=== REQUIRED WORK ===
Could the listing be repeated exactly, with every picture dropped?

=== MATERIAL PROVIDED ===
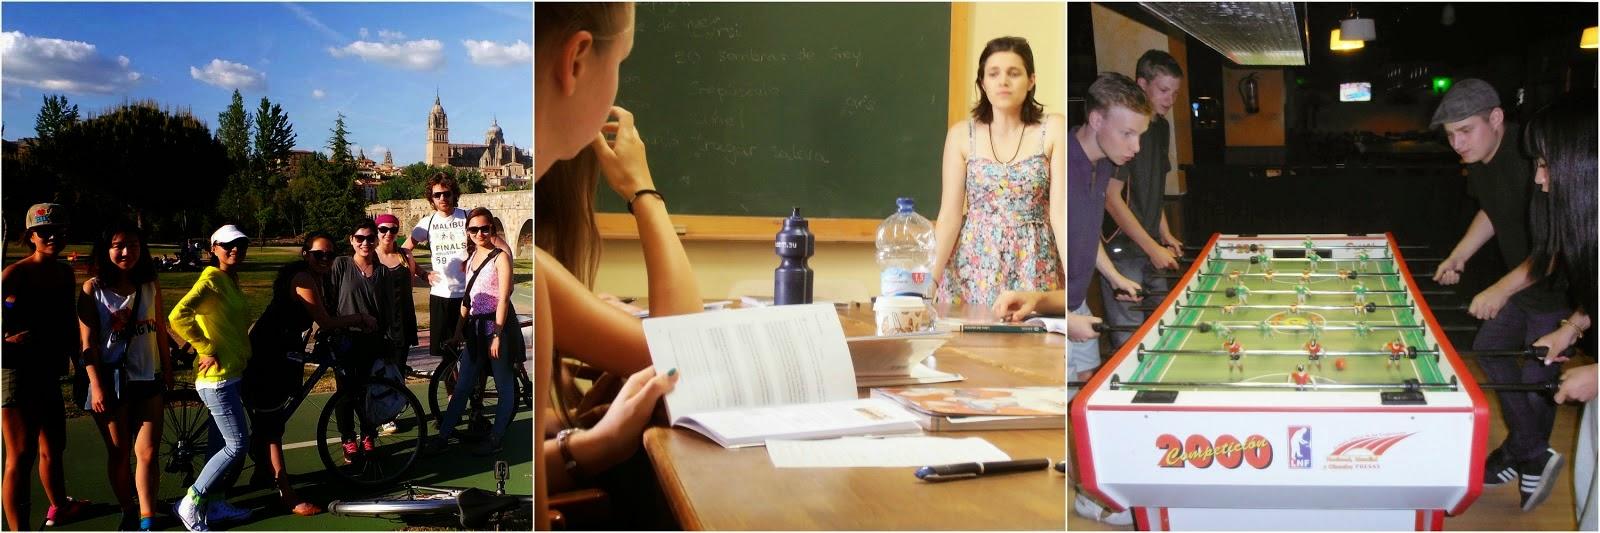 Actividades extraescolares en Tía Tula Colegio de Español, Salamanca, España
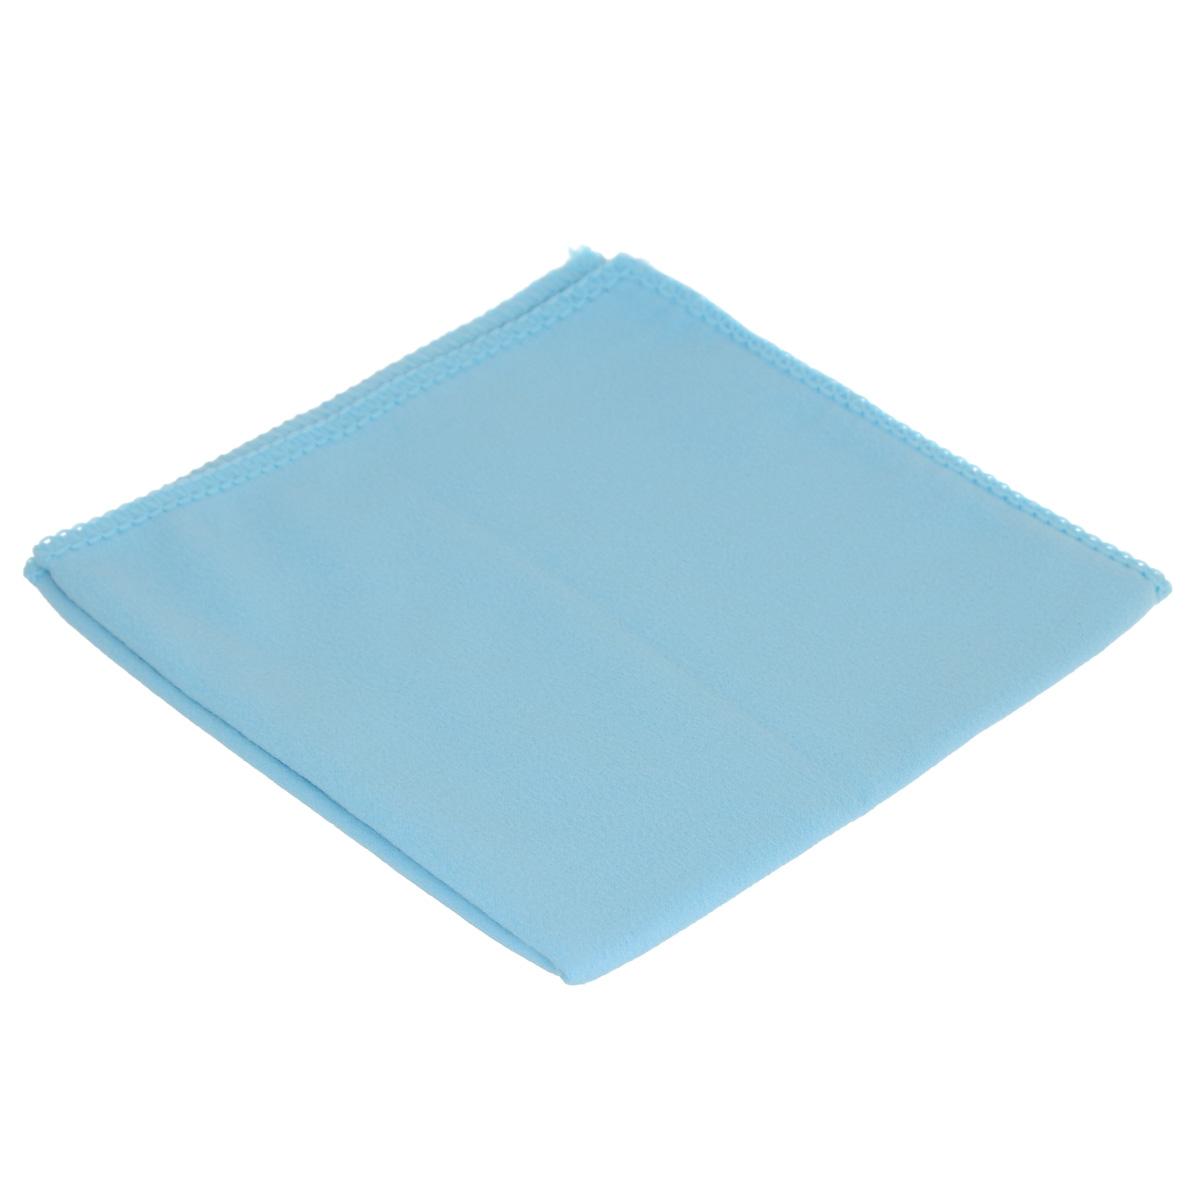 Салфетка для стекол, оптики и зеркал Home Queen, цвет: голубой, 30 х 30 смCLP446Салфетка Home Queen, изготовленная из микрофибры (искусственная замша), предназначена для очищения загрязнений на любых поверхностях (включая стекла, зеркала, оптику, мониторы). Изделие обладает высокой износоустойчивостью и рассчитано на многократное использование, легко моется в теплой воде с мягкими чистящими средствами. Супервпитывающая салфетка не оставляет разводов и ворсинок, удаляет большинство жирных и маслянистых загрязнений без использования химических средств. Размер салфетки: 30 х 30 см.
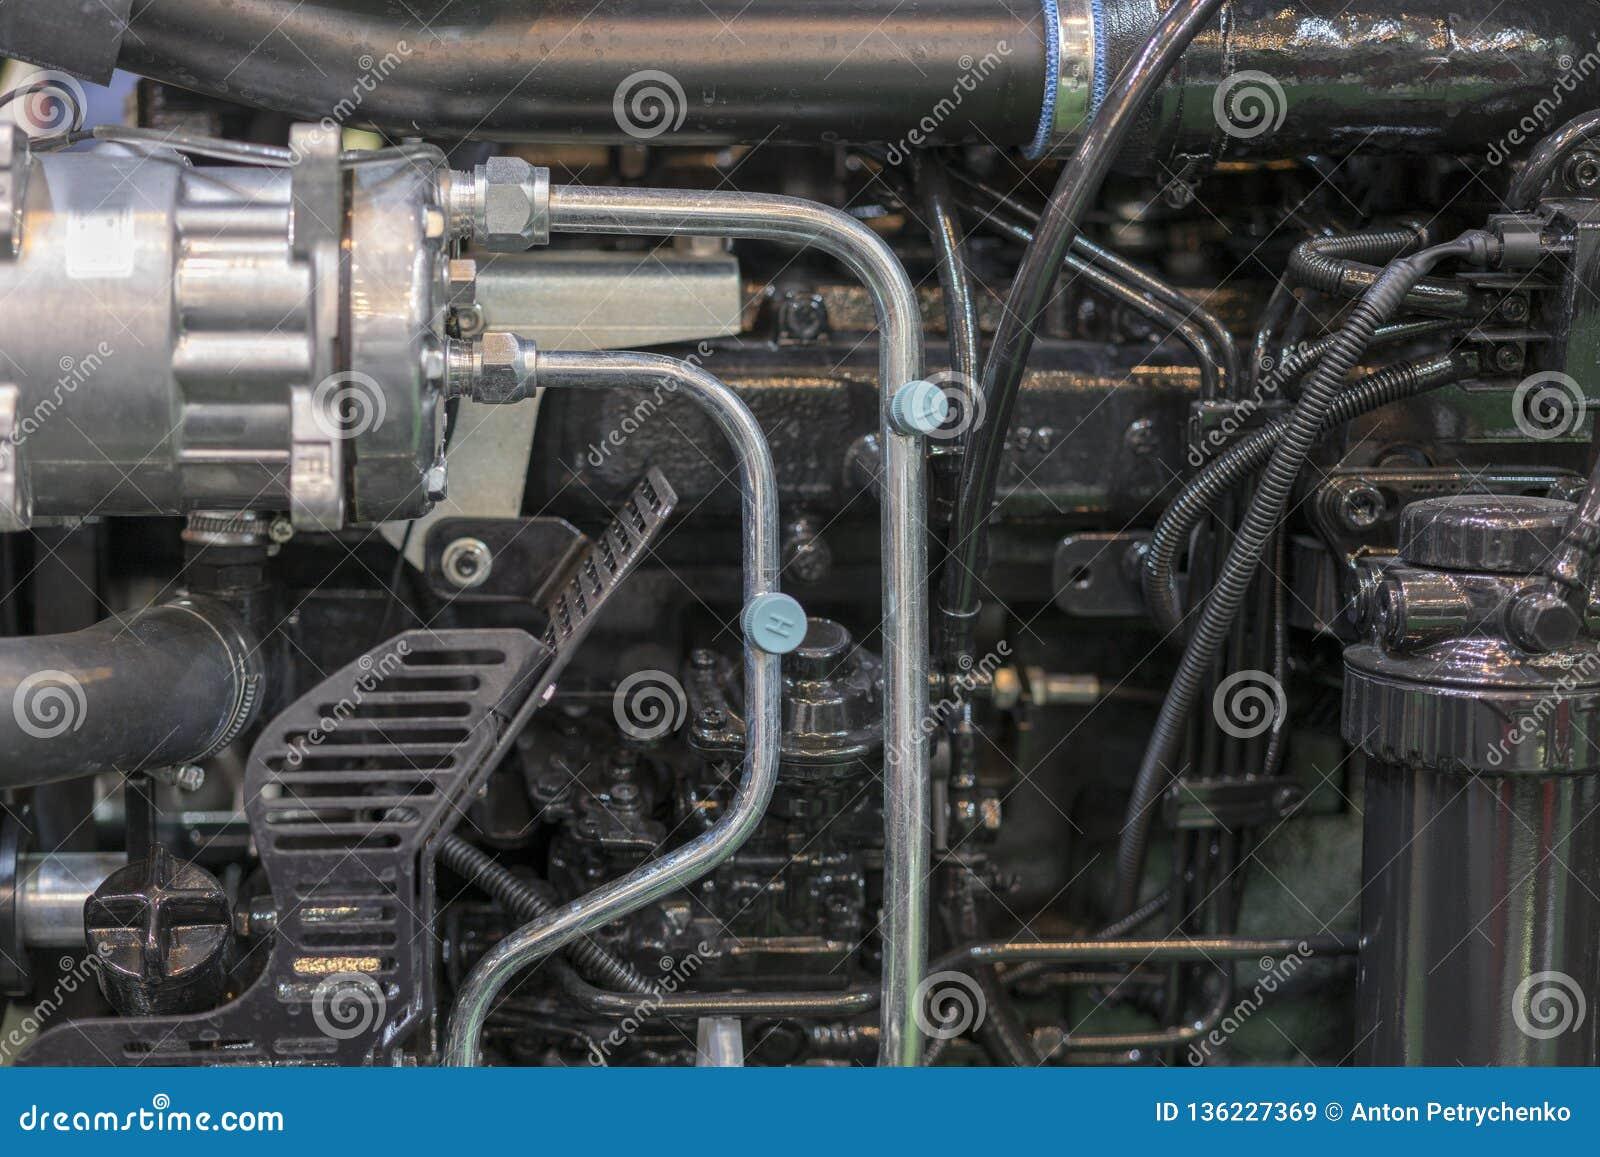 Nouveau moteur tracteur diesel agricole moderne Nouveau moteur de pointe moderne de chargeur ou de petit tracteur Vue supérieure

=== EXERCISE RESULT ===
 Actividades extraescolares en Tía Tula Colegio de Español, Salamanca, España
 Салфетка для стекол, оптики и зеркал Home Queen, цвет: голубой, 30 х 30 смCLP446Салфетка Home Queen, изготовленная из микрофибры (искусственная замша), предназначена для очищения загрязнений на любых поверхностях (включая стекла, зеркала, оптику, мониторы). Изделие обладает высокой износоустойчивостью и рассчитано на многократное использование, легко моется в теплой воде с мягкими чистящими средствами. Супервпитывающая салфетка не оставляет разводов и ворсинок, удаляет большинство жирных и маслянистых загрязнений без использования химических средств. Размер салфетки: 30 х 30 см.
 Nouveau moteur tracteur diesel agricole moderne Nouveau moteur de pointe moderne de chargeur ou de petit tracteur Vue supérieure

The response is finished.